> _Assignment_
First find the line with "Создание стиля оформления", then reproduce it and all following lines of the data to the end, exactly and with no pictures, adding nothing.

> _Information shown_
============

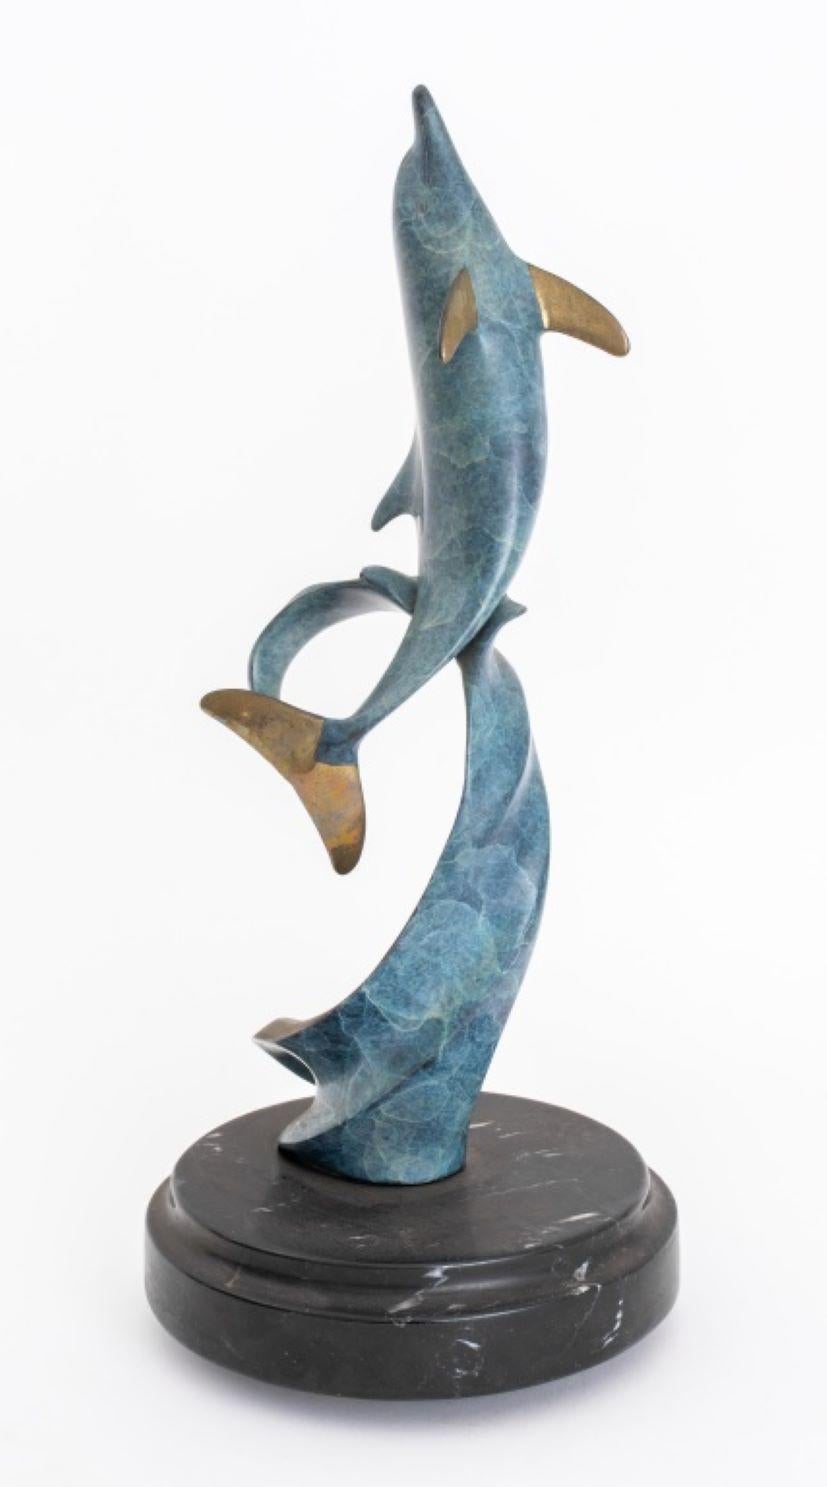 Scott Hanson (américain, XX-XXI), Sculpture en bronze représentant un dauphin, édition signée et numérotée 
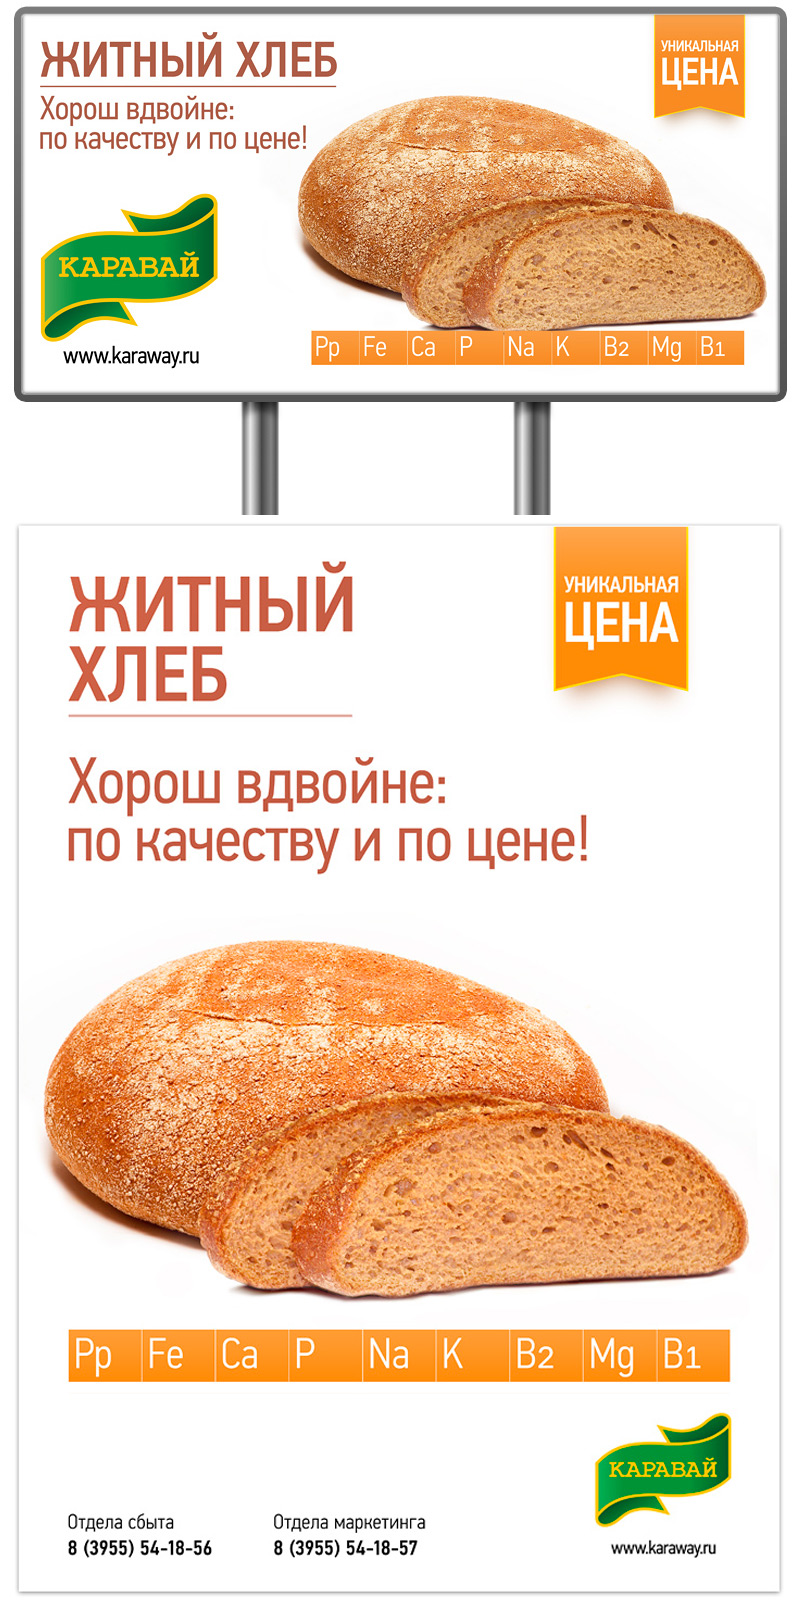 Создание стиля оформления материалов рекламной кампании Житного хлеба
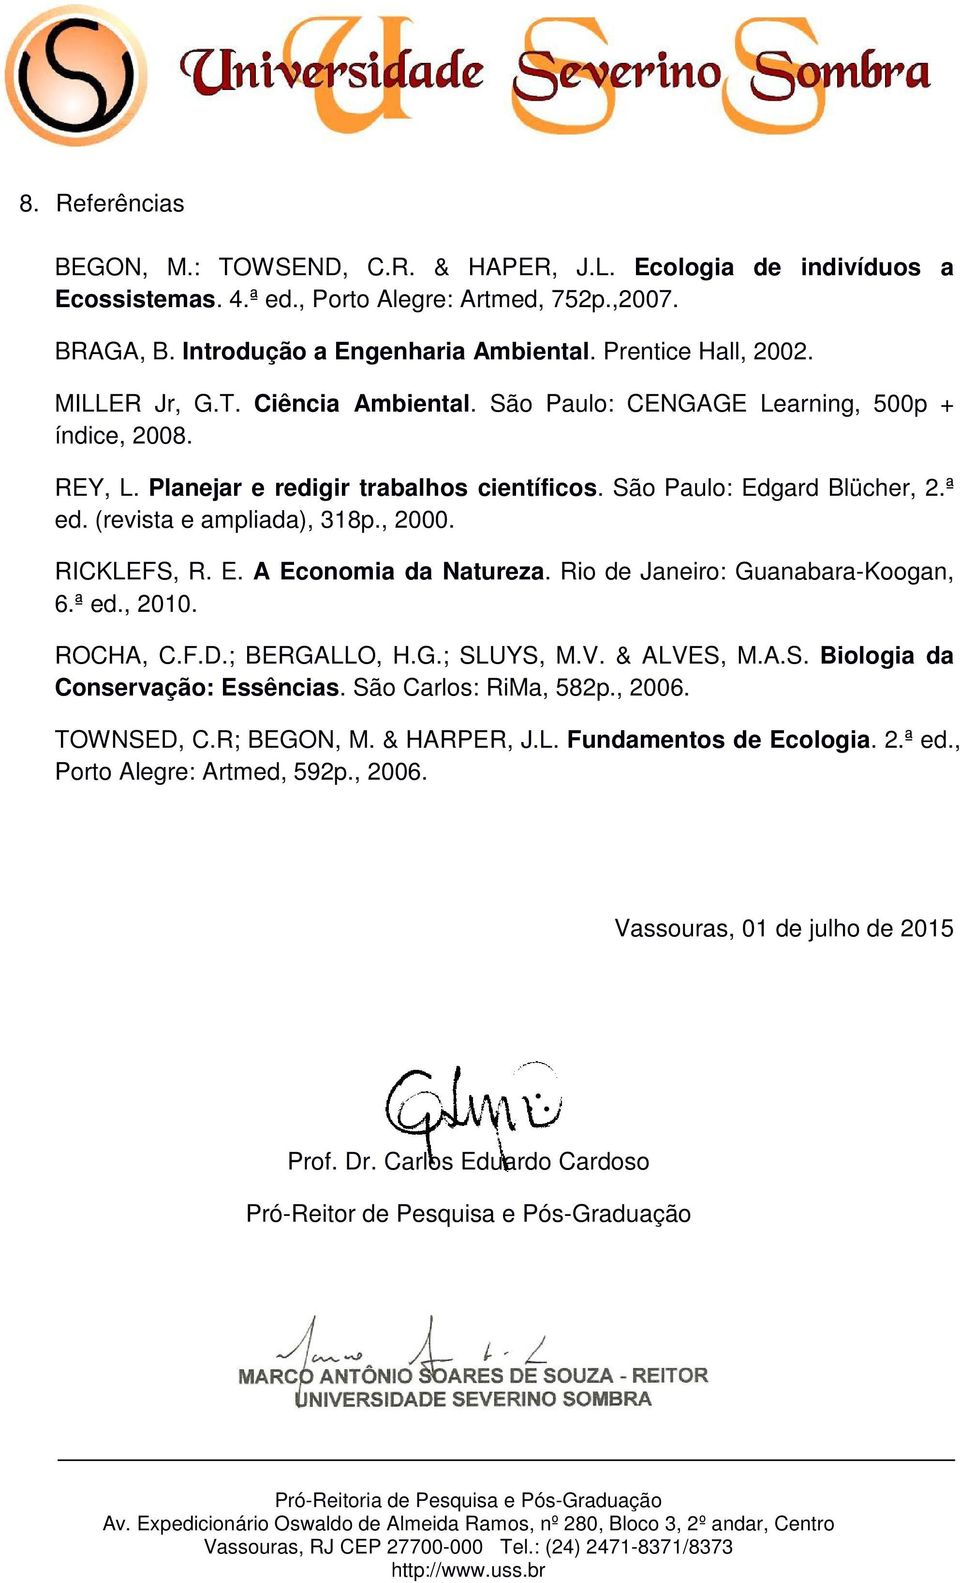 (revista e ampliada), 318p., 2000. RICKLEFS, R. E. A Economia da Natureza. Rio de Janeiro: Guanabara-Koogan, 6.ª ed., 2010. ROCHA, C.F.D.; BERGALLO, H.G.; SLUYS, M.V. & ALVES, M.A.S. Biologia da Conservação: Essências.

============

> _Response box_
 Создание стиля оформления материалов рекламной кампании Житного хлеба
 (revista e ampliada), 318p., 2000. RICKLEFS, R. E. A Economia da Natureza. Rio de Janeiro: Guanabara-Koogan, 6.ª ed., 2010. ROCHA, C.F.D.; BERGALLO, H.G.; SLUYS, M.V. & ALVES, M.A.S. Biologia da Conservação: Essências.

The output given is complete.